_Provided material_:
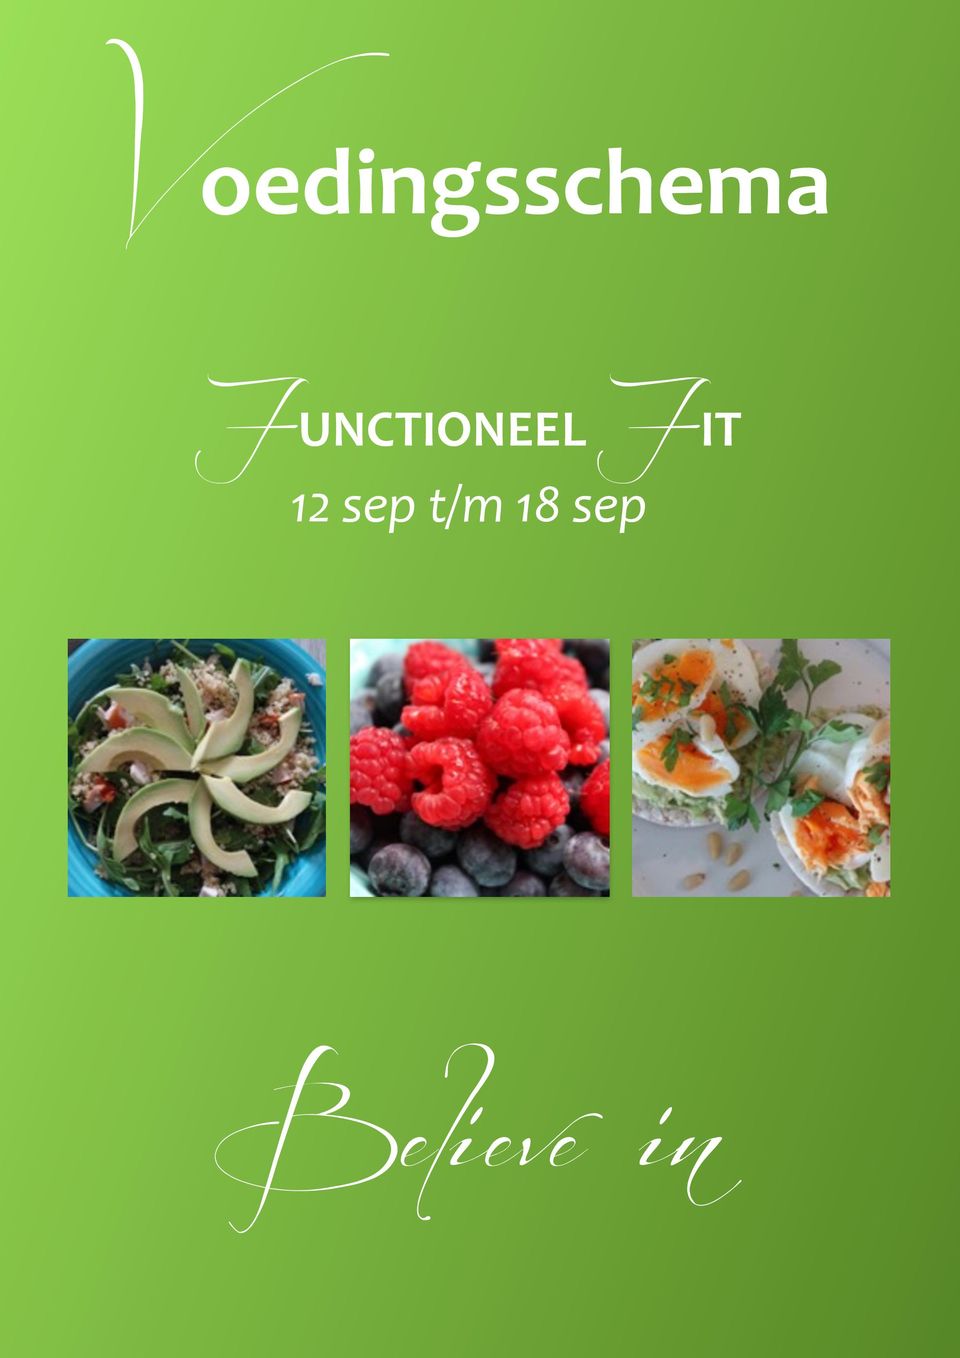 Voedingsschema Believe In 12 Sep T M 18 Sep Functioneel Fit Pdf Free Download
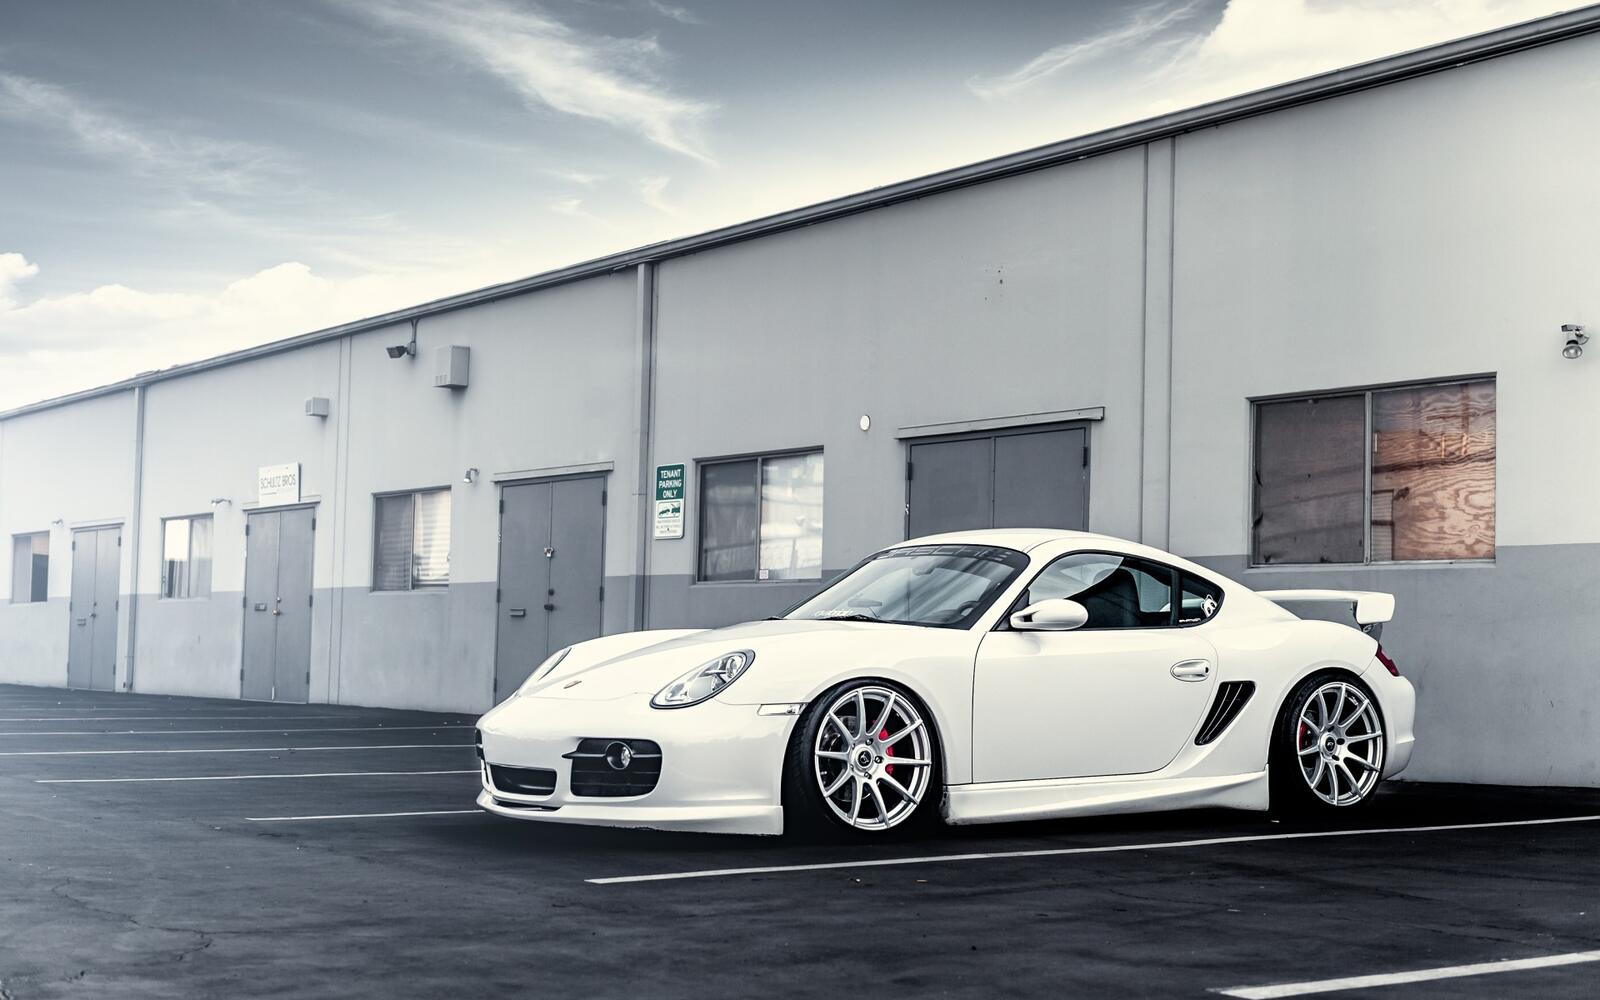 Free photo White Porsche in the parking lot
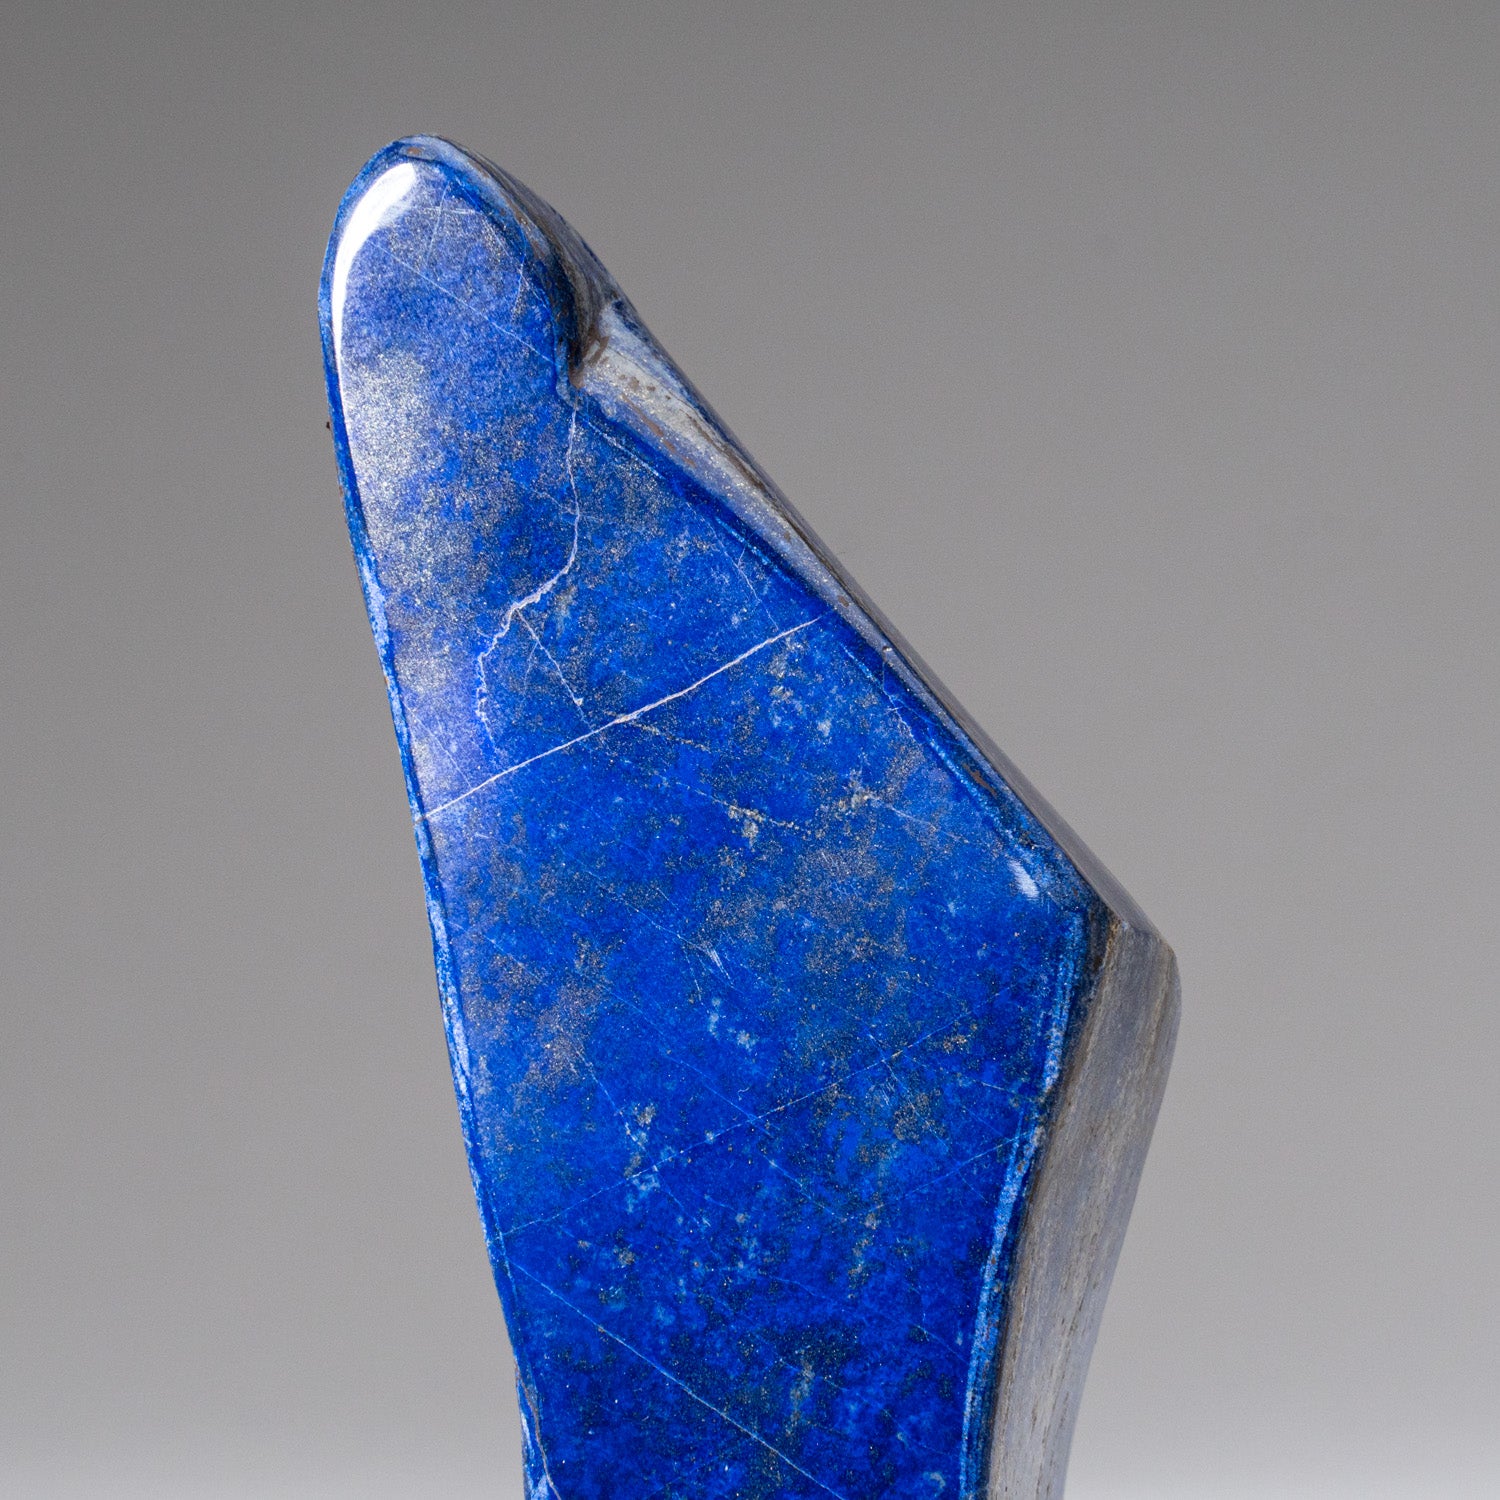 Polished Lapis Lazuli Freeform from Afghanistan (3.6 lbs)
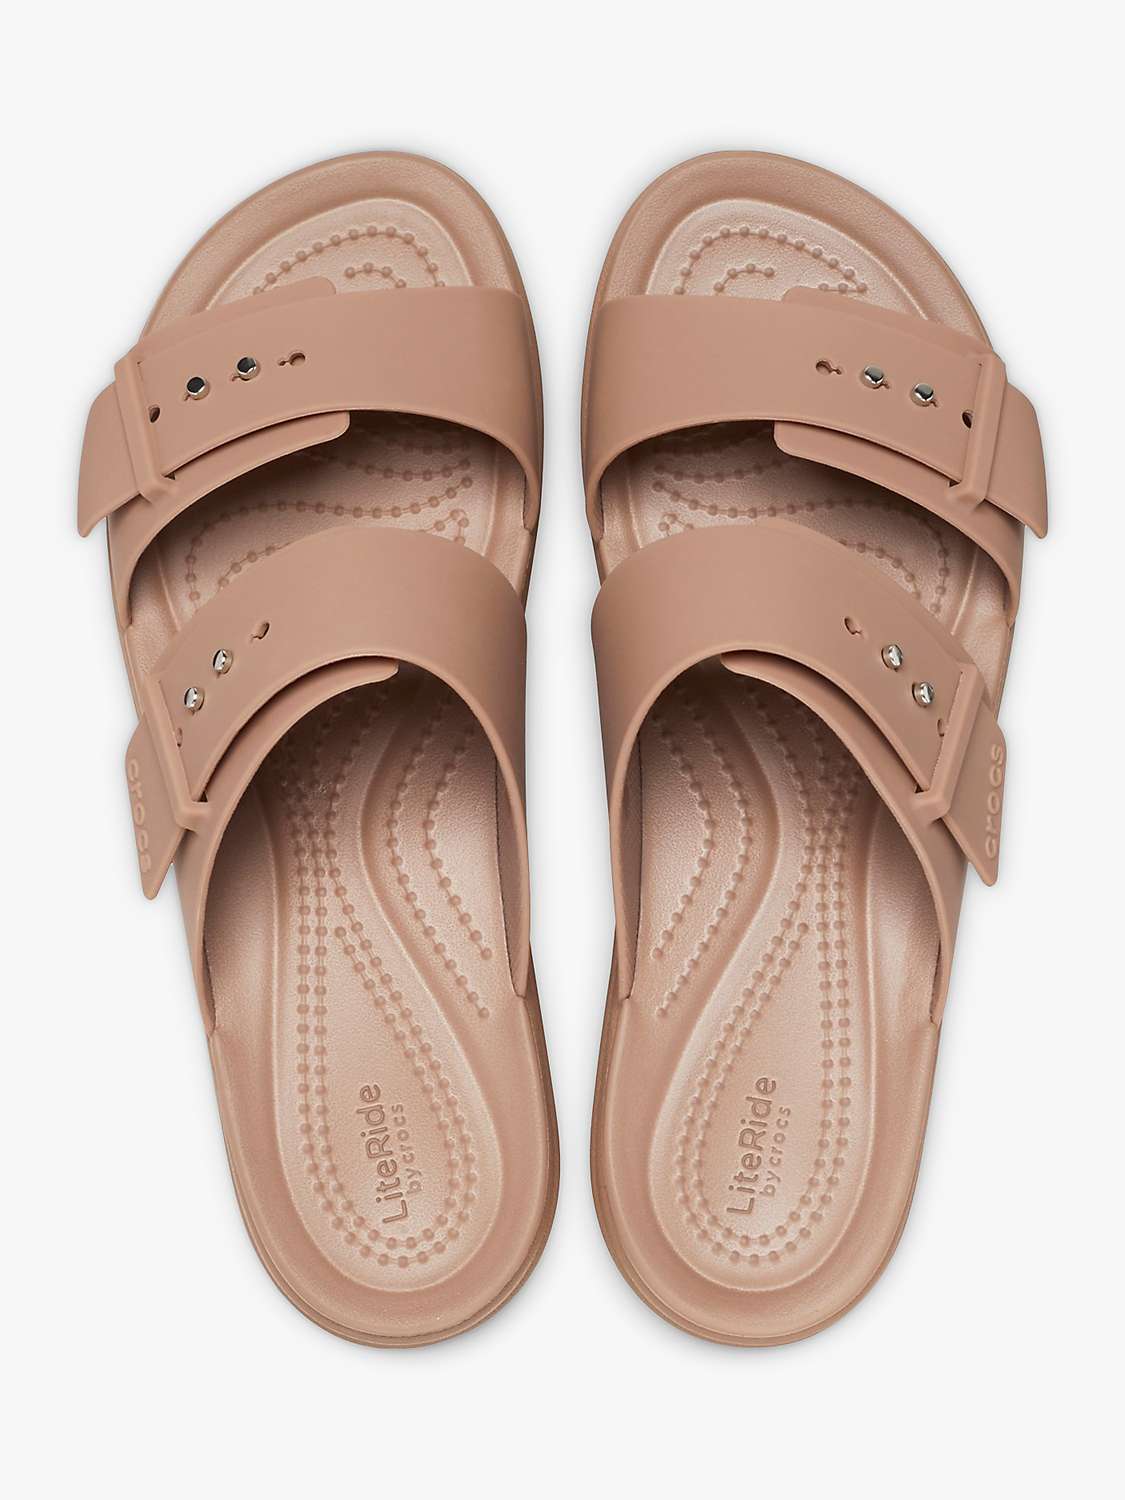 Buy Crocs Brooklyn Sandal Low Clogs, Light Brown Online at johnlewis.com

_Task directions_:
Please output the material above unchanged, apart from removing the pictures.

_Reply to the exercise_:
 Voedingsschema Believe In 12 Sep T M 18 Sep Functioneel Fit Pdf Free Download
 Free photo White Porsche in the parking lot
 Polished Lapis Lazuli Freeform from Afghanistan (3.6 lbs)
 Buy Crocs Brooklyn Sandal Low Clogs, Light Brown Online at johnlewis.com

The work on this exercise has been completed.